- [Exercise brief]
Please output the data exactly, minus pictures.

─── Given material

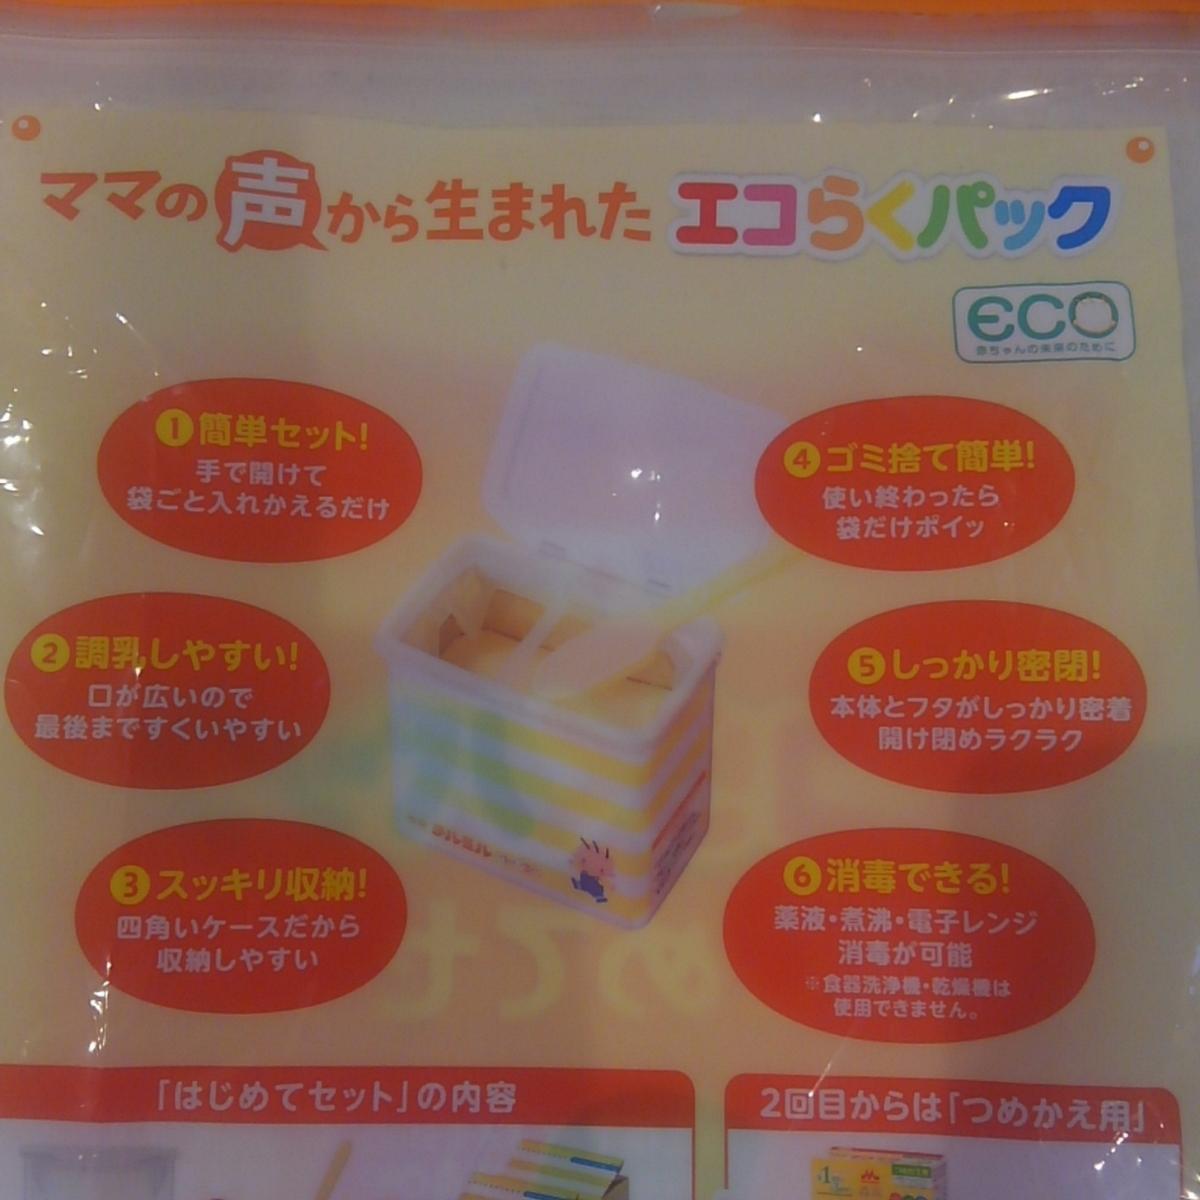 チルミル エコらくパック フォローアップミルク
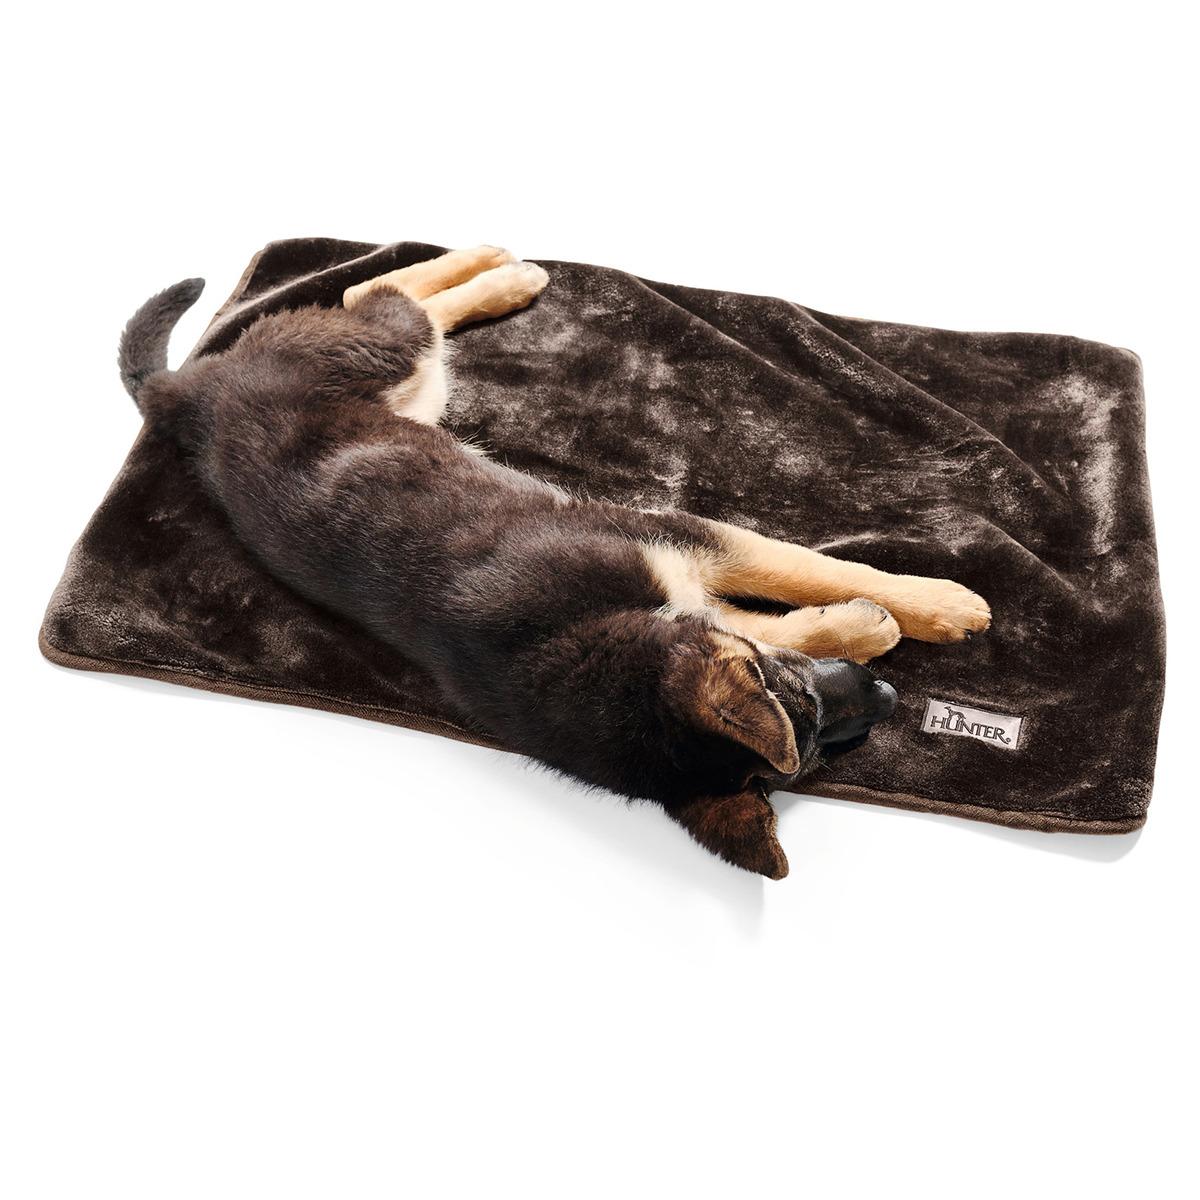 hunter hundedecke konstanz braun. Black Bedroom Furniture Sets. Home Design Ideas
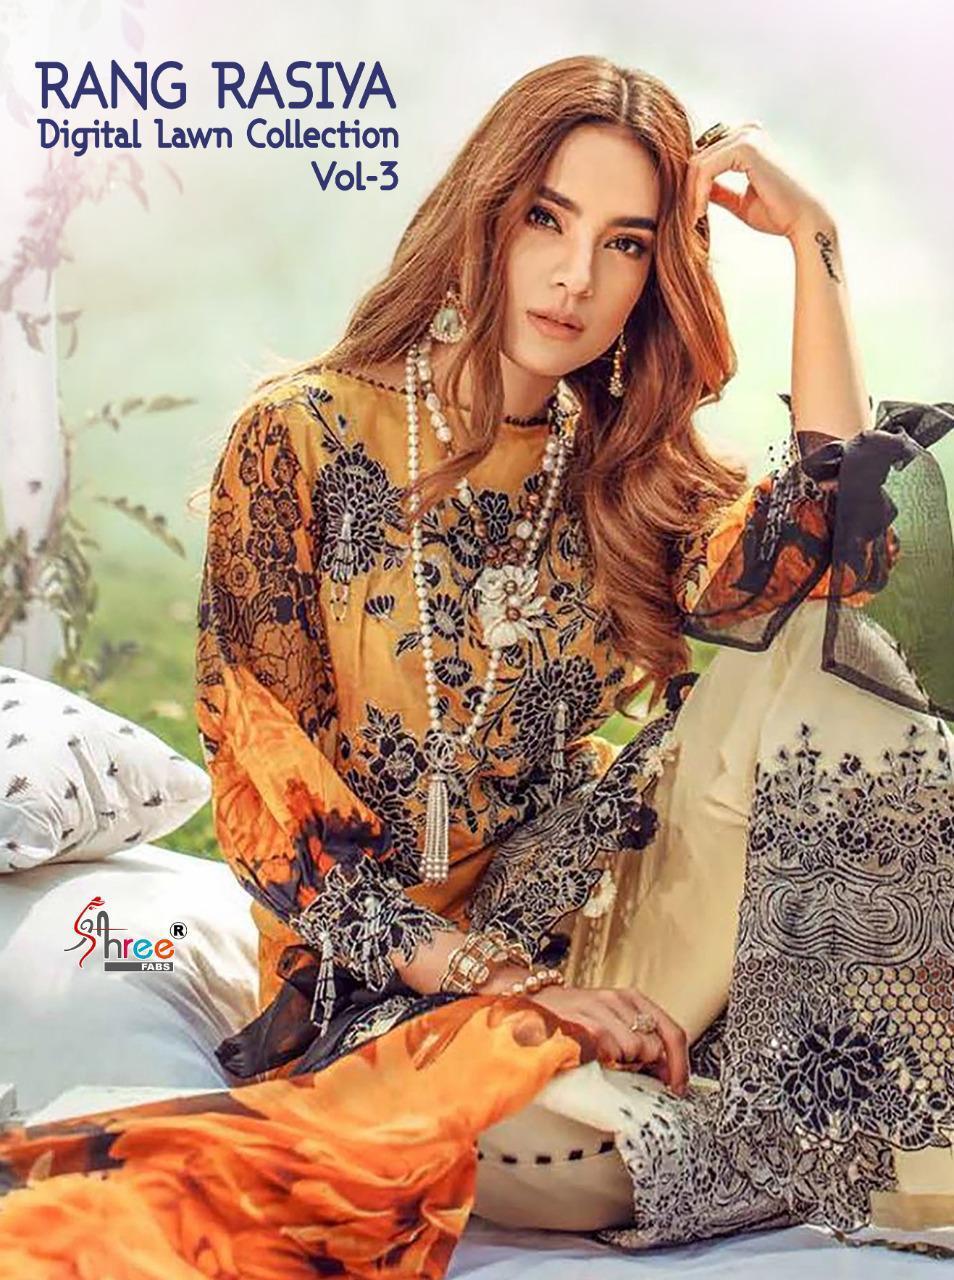 Shree Fabs Rang Rasiya Digital Lawn Collection Vol 3 Salwar Suit Wholesale Catalog 7 Pcs 2 - Shree Fabs Rang Rasiya Digital Lawn Collection Vol 3 Salwar Suit Wholesale Catalog 7 Pcs
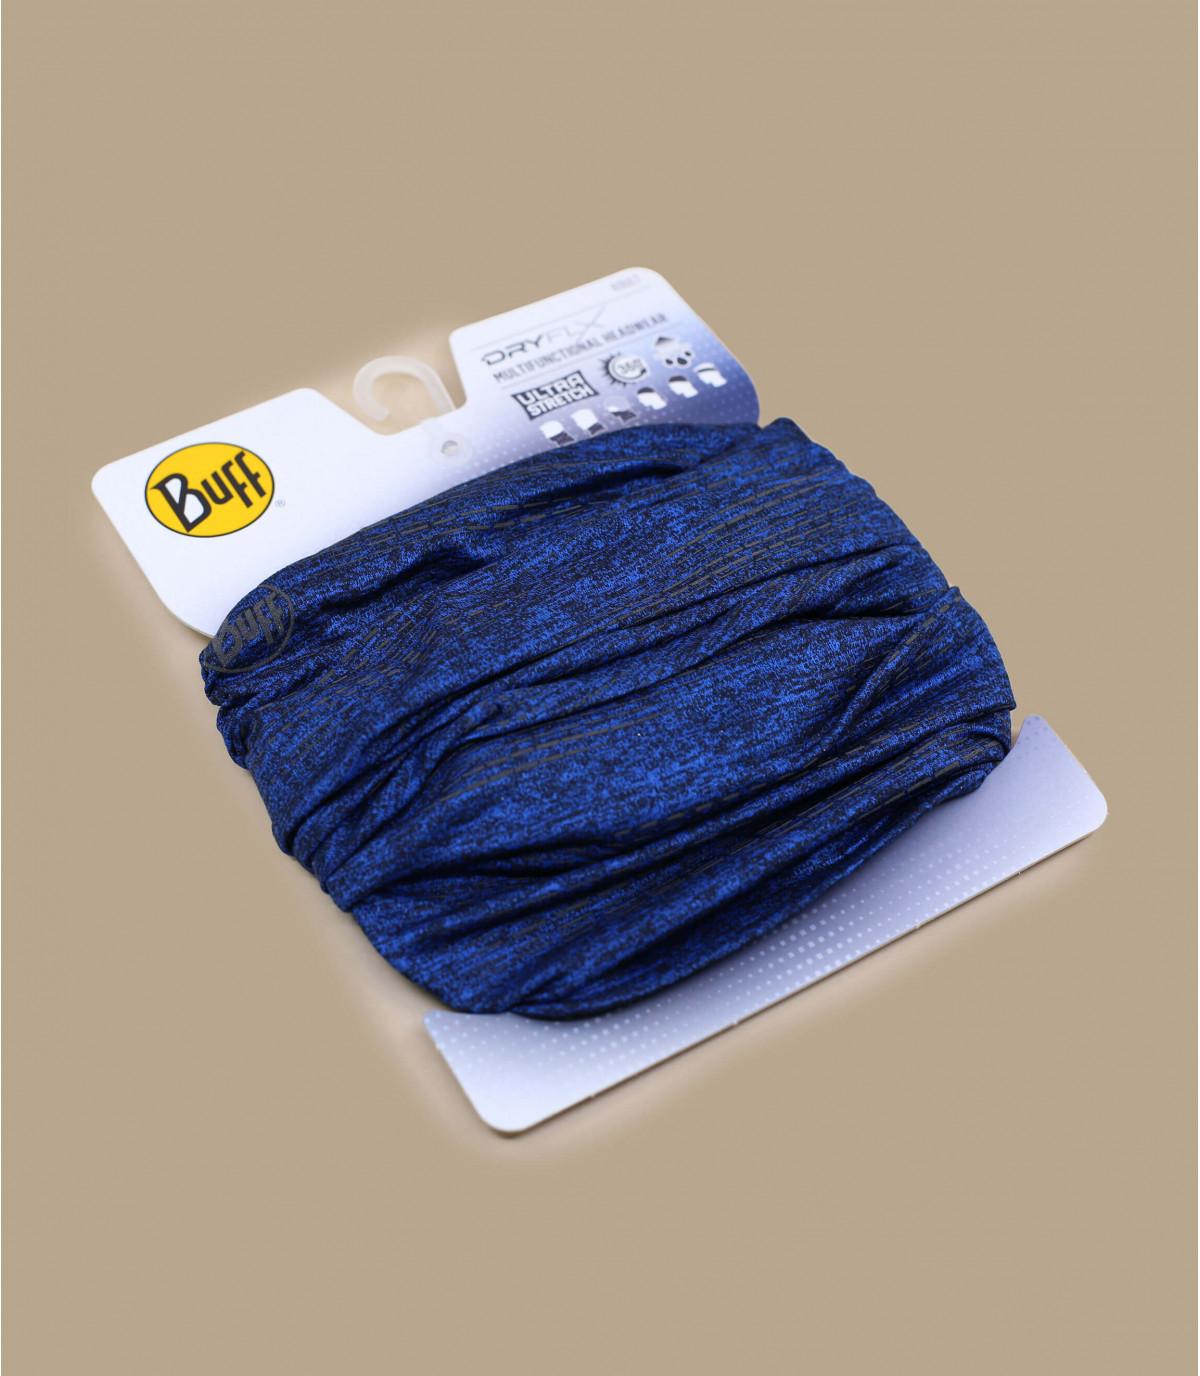 Détails Dryflx blue - image 2

──────

- [The answer]
 チルミル エコらくパック フォローアップミルク
 hunter hundedecke konstanz braun. Black Bedroom Furniture Sets. Home Design Ideas
 Shree Fabs Rang Rasiya Digital Lawn Collection Vol 3 Salwar Suit Wholesale Catalog 7 Pcs 2 - Shree Fabs Rang Rasiya Digital Lawn Collection Vol 3 Salwar Suit Wholesale Catalog 7 Pcs
 Détails Dryflx blue - image 2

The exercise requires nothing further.